Pilar Delgado Sánchez, Sara Aya Rodríguez, Mally Franchesca Veras Basora, David Guadarrama Ortega, Ana Isabel Díaz Cuasante, Aurora Fabero Jimenez
Objetivo principal: Describir el desarrollo de un programa coordinación entre los 2 ámbitos asistenciales, para la aplicación de los cuidados del paciente geriátrico, facilitando la atención en su entorno, evitando transferencias al hospital, teniendo en cuenta las características del paciente anciano. Metodología: Descripción de la experiencia desde el 1 de junio de 2020 al 30 de septiembre de 2021. Diseño e implantación del programa: Visitas presenciales semanales, creación de agendas específicas para la gestión de casos tras valoración geriátrica integral en residencias, teleconsulta, coordinación con enfermeras y/o especialistas referentes del hospital en relación a cuidados. Resultados principales: 282 visitas presenciales: 279 primeras consultas, 599 sucesivas, 220 consultas sin presencia del paciente y 103 telemáticas; 1139 intervenciones de residentes ingresados para planificar las altas. Material: 32 envíos de equipos de protección individual y 26 gestiones de material para la medicalización de las residencias y de provisión y prescripción de uso hospitalario. Formación: 43 talleres presenciales (prevención de lesiones cutáneas, prevención en la transmisión de microrganismos y disfagia), 37 infografías y cartelería distribuidas online y 7 talleres impartidos en el hospital para profesionales (formador de formadores en EPI y pronación paciente consciente). Conclusión principal: La coordinación entre niveles habría evitado el desplazamiento de personas mayores al hospital, cobrando mayor relevancia en un contexto de pandemia y teniendo en cuenta las dificultades de movilización y además la complejidad en la valoración de la población anciana fuera de su entorno. Se ha facilitado la enseñanza en prevención de transmisión de microorganismos y en intervenciones de cuidados.
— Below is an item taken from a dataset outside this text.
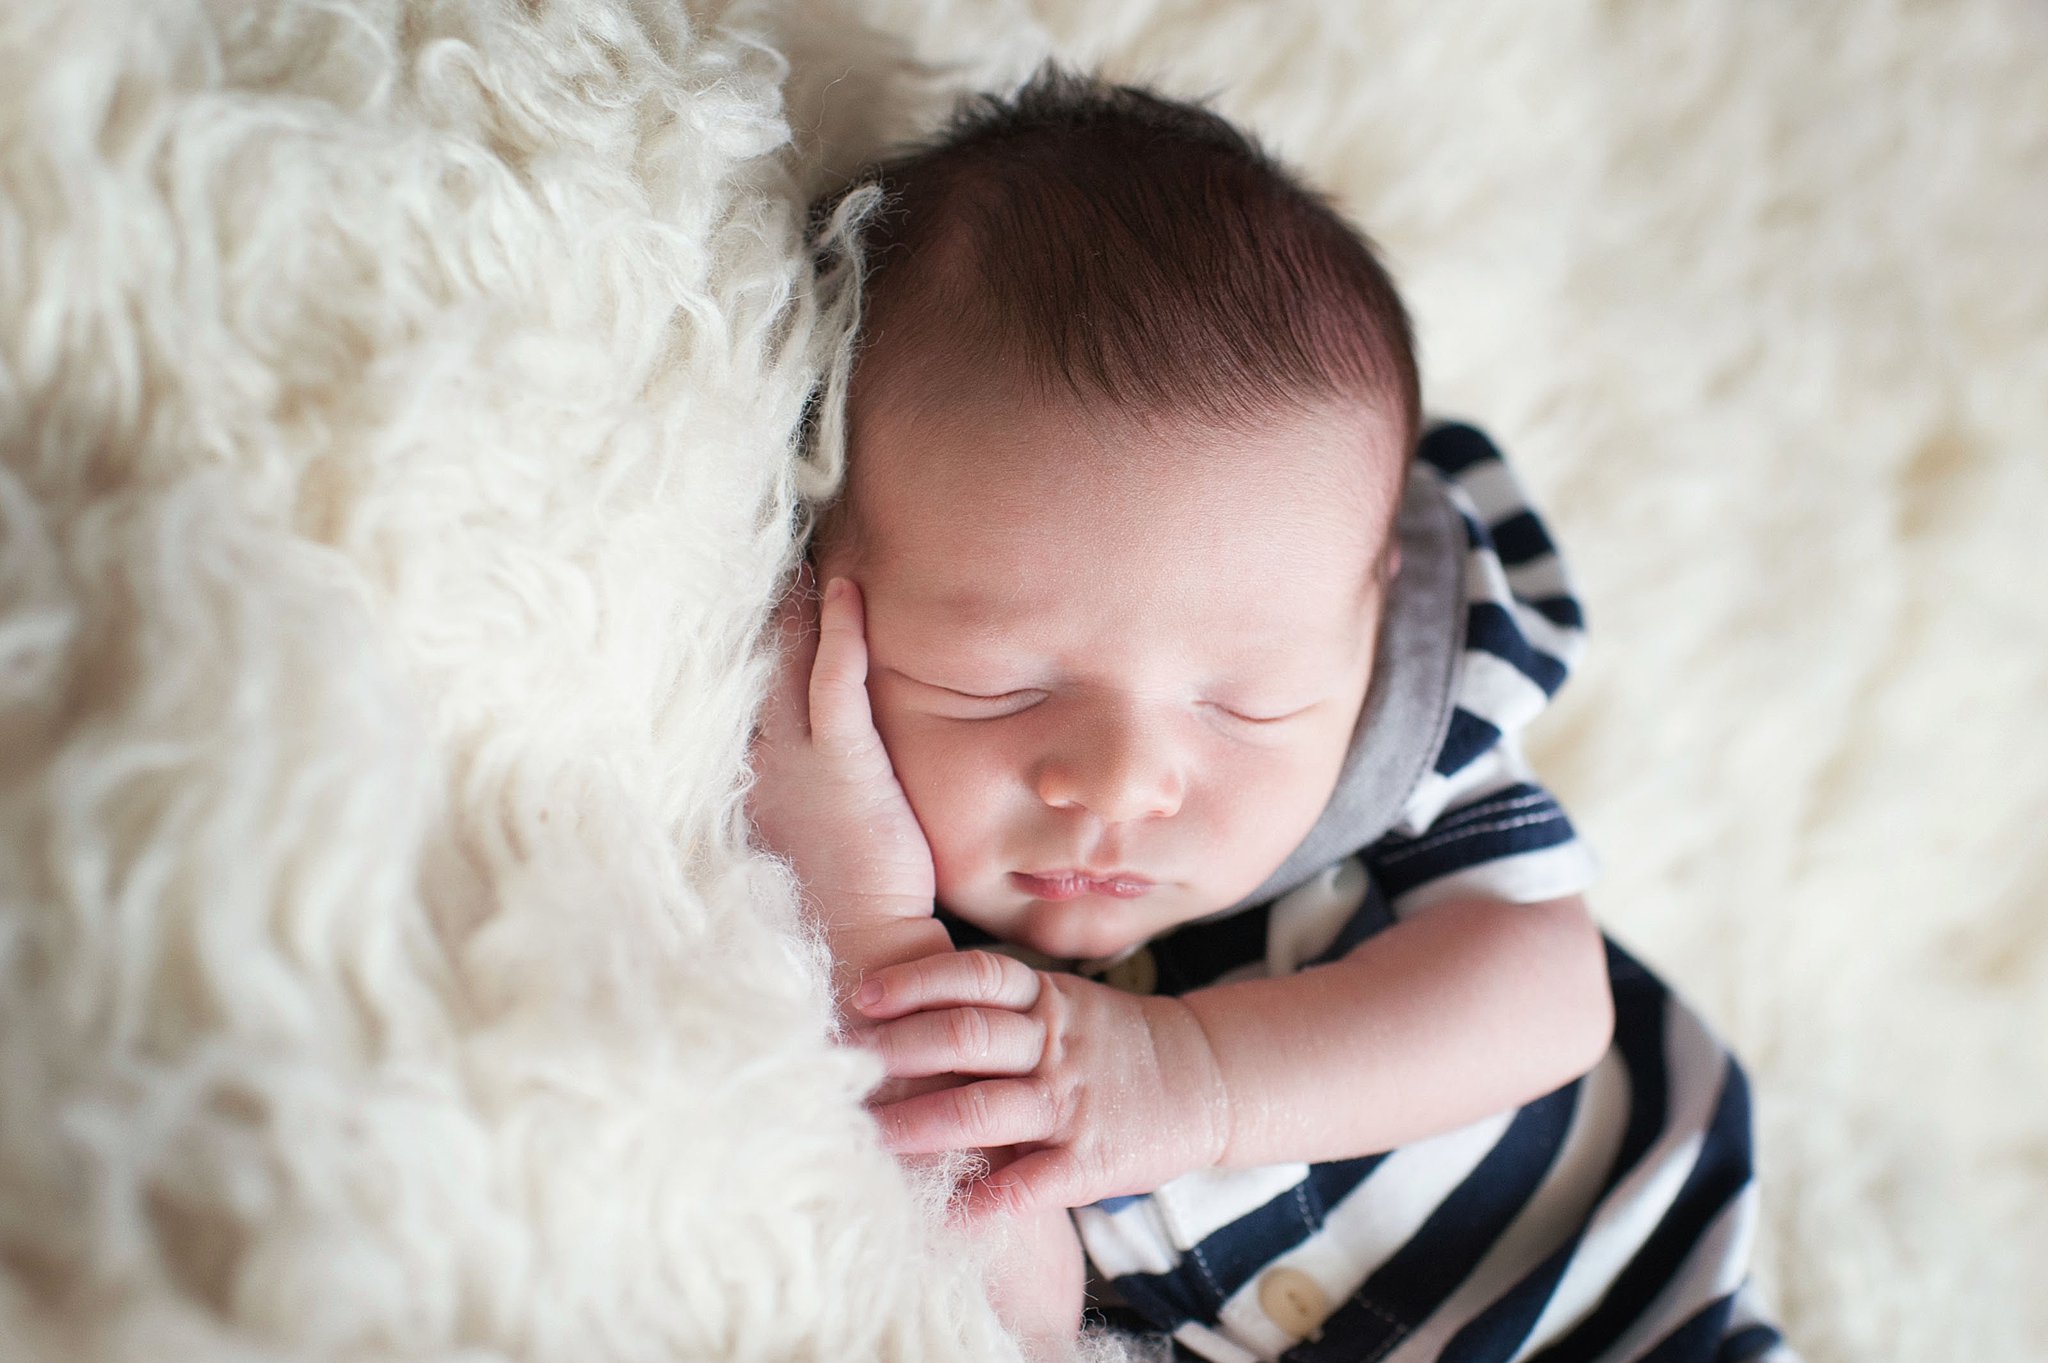 A newborn baby sleeps in a stripe onesie on a fur bed thanks to Colorado Mountain Doulas

Objective: To describe the development of a coordination programme between the 2 care areas, for the application of geriatric patient care, facilitating care in their environment, avoiding transfers to hospital, considering the characteristics of the elderly patient. Methods: Description of the experience from 1 June 2020 to 31 September 2021. Design and implementation of the programme: Weekly face-to-face visits, creation of specific agendas for the management of cases after comprehensive geriatric assessment in nursing homes, teleconsultation, coordination with nurses and/or referral specialists in the hospital in relation to care. Results: 282 face-to-face visits: 279 first consultations, 599 successive consultations, 220 consultations without the presence of the patient and 103 telematic consultations; 1139 interventions of admitted residents to plan discharges. Material: 32 deliveries of personal protective equipment and 26 orders of material for the medicalisation of the residences and the provision and prescription of hospital use. Training: 43 face-to-face workshops (prevention of skin lesions, prevention of the transmission of microorganisms and dysphagia), 37 infographics and posters distributed online and 7 workshops given at the hospital for professionals (trainer of trainers in PPE and conscious patient pronation). Conclusions: Coordination between levels would have reduced the number of elderly people going to hospital, which is even more relevant in the context of a pandemic and taking into account the difficulties of mobilisation and also the complexity of assessing the elderly population outside their environment. Teaching has been facilitated in the prevention of the transmission of micro-organisms and in care interventions.